I was up late last night (or this morning, take your pick) and saw that this movie was on. So I watched it. Bearing in mind that this movie was made in the 60s, I think it could have been worse. Some highlights:

- The dress shop across from the time traveler's house. It stays a dress shop for nearly a century.

- The apocalypse occurs in 1966.

- A volcano erupts in London.

- Time lapse photography of flowers opening and closing. The movie won an Oscar for this!

- The Eloi. They don't know how to make fire, harvest fruit, read or write, but they always have perfect hair.

In the book, it made sense that the workers underground evolved into Morlocks while the leisure class turns into brainless simps. In the movie, however, one half of the population wears cheap white gorilla suits with rather unconvincing yellow eyes, and the other half are a bunch of perfectly groomed apathetic blondes. (I'm not making fun of blondes. Every Eloi in the movie is blonde.)

If you only see one truly horrible movie this year, make it "Sinbad of the Seven Seas." But if you see two really horrible movies, this one is a solid four turkeys. Don't miss it.

Response From RinkWorks:

The book is unquestionably superior, but then, isn't it always?

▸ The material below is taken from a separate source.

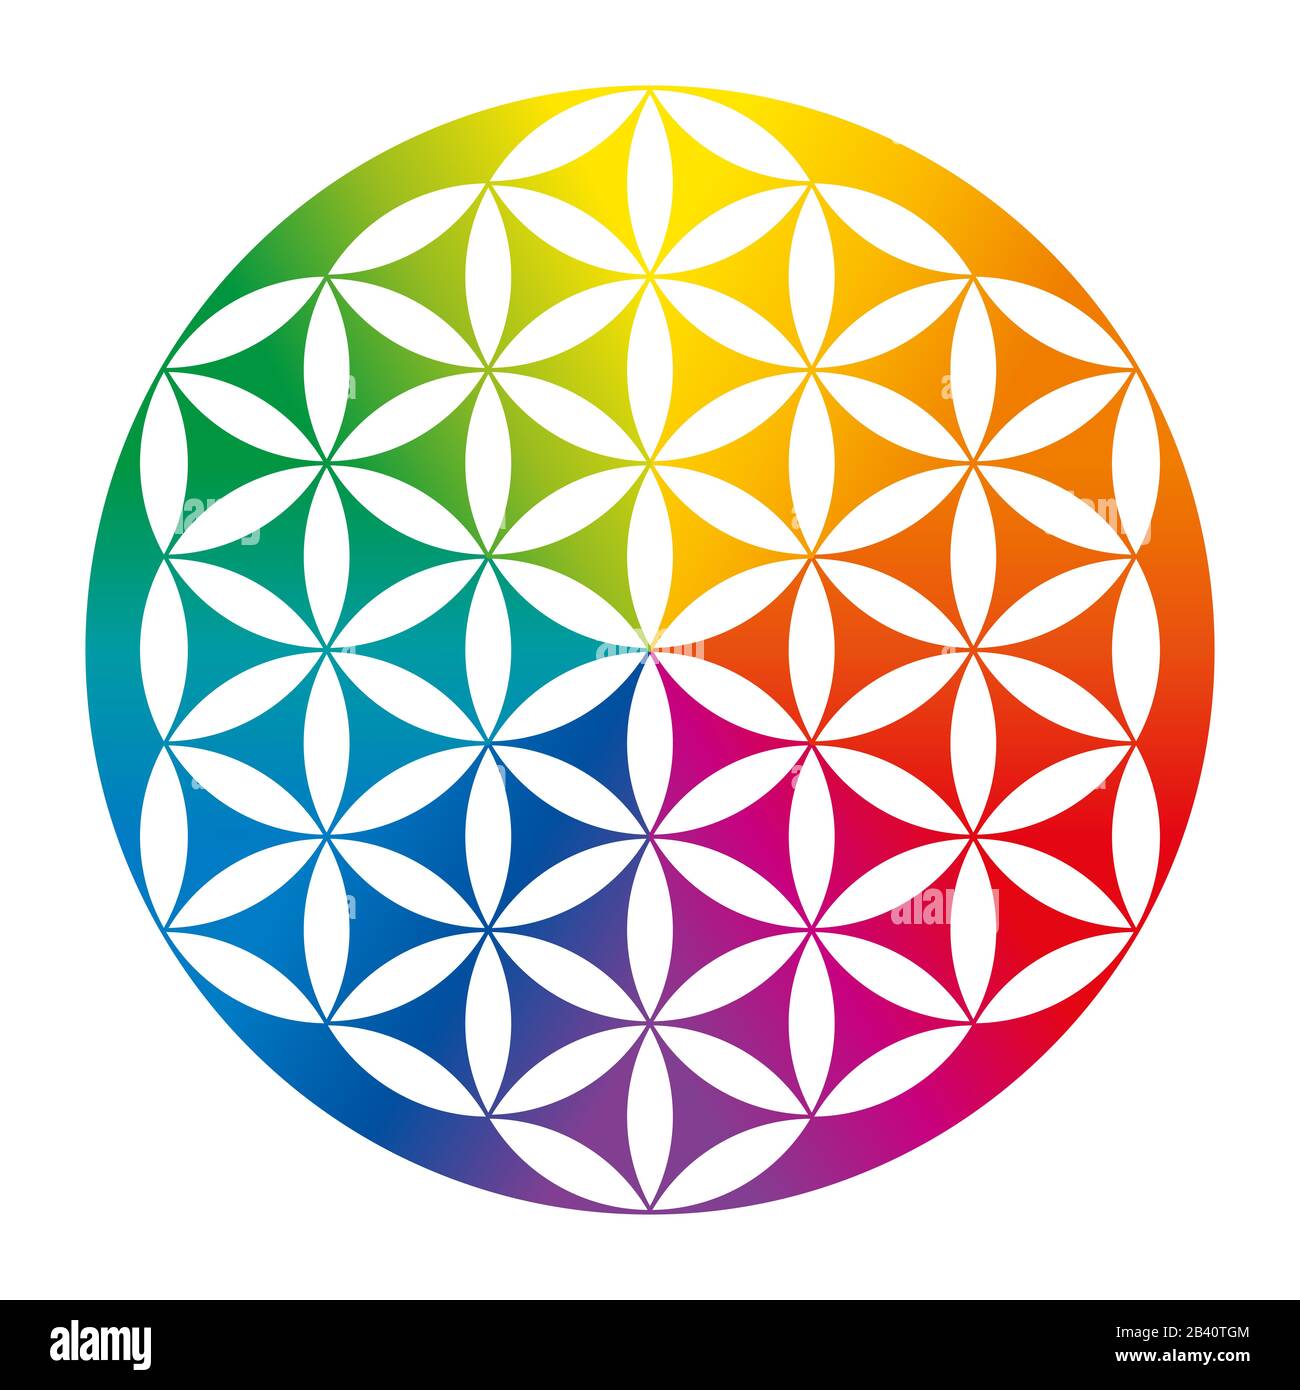 Fiori di vita invertiti di colore arcobaleno. Figura geometrica, simbolo spirituale e geometria Sacra. Cerchi sovrapposti che formano un motivo simile a un fiore. Foto Stock

Nevertheless, I liked the movie, with reservations. The Special Effects Oscar it won wasn't just for time lapse photography of a flower -- it was also for the stunning (for the time) effects of the time travel itself. The book's description of this is one of the most vividly depicted visual images I've ever read. Naturally the movie doesn't do it justice, but considering the year it was made (1960), it's a remarkable effort.

Where the movie falters, as you point out, is with the portrayal of the Eloi and Morlocks. The two races, rather than how Wells portrayed them, ended up being the stereotypical Atlansian Paradise Residents and the stereotypical Grungy Monsters, respectively. That part was quite disappointing.

-- Sam.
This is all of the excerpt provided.